This is an automated email from the ASF dual-hosted git repository.
shinrich pushed a commit to branch master
in repository https://gitbox.apache.org/repos/asf/trafficserver.git
The following commit(s) were added to refs/heads/master by this push:
new 495a3a1 Make reloading client certificate configuration more reliable
(#7313)
495a3a1 is described below
commit 495a3a13dc0dc3195d725e3ff03d9aa634884335
Author: Susan Hinrichs <[email protected]>
AuthorDate: Mon Nov 30 14:03:52 2020 -0600
Make reloading client certificate configuration more reliable (#7313)
---
iocore/net/Makefile.am | 2 +
iocore/net/P_SSLClientCoordinator.h | 34 ++++++++++++++
iocore/net/SSLClientCoordinator.cc | 54 ++++++++++++++++++++++
iocore/net/SSLConfig.cc | 10 ++--
iocore/net/SSLNetProcessor.cc | 5 +-
iocore/net/SSLSNIConfig.cc | 5 +-
tests/gold_tests/tls/gold/proxycert-accesslog.gold | 4 ++
tests/gold_tests/tls/tls_client_cert.test.py | 2 +-
8 files changed, 102 insertions(+), 14 deletions(-)

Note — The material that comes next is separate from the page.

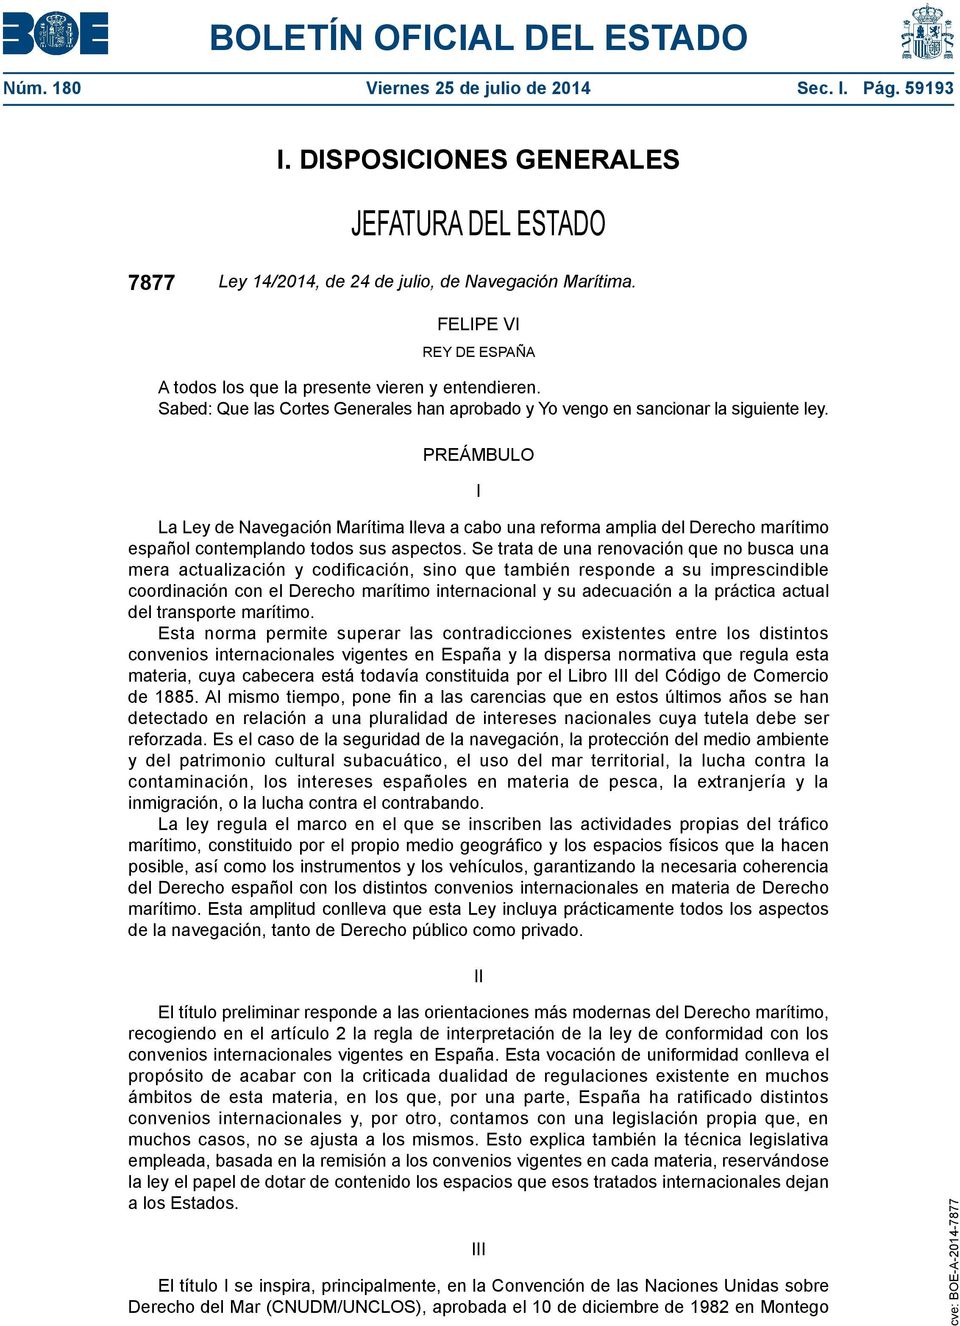 PREÁMBULO I La Ley de Navegación Marítima lleva a cabo una reforma amplia del Derecho marítimo español contemplando todos sus aspectos.

diff --git a/iocore/net/Makefile.am b/iocore/net/Makefile.am
index 6af18e9..fa60587 100644
--- a/iocore/net/Makefile.am
+++ b/iocore/net/Makefile.am
@@ -120,6 +120,7 @@ libinknet_a_SOURCES = \
P_SSLNextProtocolSet.h \
P_SSLSNI.h \
P_SSLUtils.h \
+ P_SSLClientCoordinator.h \
P_SSLClientUtils.h \
P_OCSPStapling.h \
P_UDPConnection.h \
@@ -137,6 +138,7 @@ libinknet_a_SOURCES = \
ProxyProtocol.cc \
Socks.cc \
SSLCertLookup.cc \
+ SSLClientCoordinator.cc \
SSLClientUtils.cc \
SSLConfig.cc \
SSLDiags.cc \
diff --git a/iocore/net/P_SSLClientCoordinator.h
b/iocore/net/P_SSLClientCoordinator.h
new file mode 100644
index 0000000..779653e
--- /dev/null
+++ b/iocore/net/P_SSLClientCoordinator.h
@@ -0,0 +1,34 @@
+/** @file
+
+ P_SSLClientCoordinator.h - coordinate the loading of SSL related configs
+
+ @section license License
+
+ Licensed to the Apache Software Foundation (ASF) under one
+ or more contributor license agreements. See the NOTICE file
+ distributed with this work for additional information
+ regarding copyright ownership. The ASF licenses this file
+ to you under the Apache License, Version 2.0 (the
+ "License"); you may not use this file except in compliance
+ with the License. You may obtain a copy of the License at
+
+ http://www.apache.org/licenses/LICENSE-2.0
+
+ Unless required by applicable law or agreed to in writing, software
+ distributed under the License is distributed on an "AS IS" BASIS,
+ WITHOUT WARRANTIES OR CONDITIONS OF ANY KIND, either express or implied.
+ See the License for the specific language governing permissions and
+ limitations under the License.
+ */
+
+#include "ProxyConfig.h"
+#include <memory>
+
+// A class to pass the ConfigUpdateHandler, so both SSLConfig and SNIConfig
get updated
+// when the relevant files/configs get updated.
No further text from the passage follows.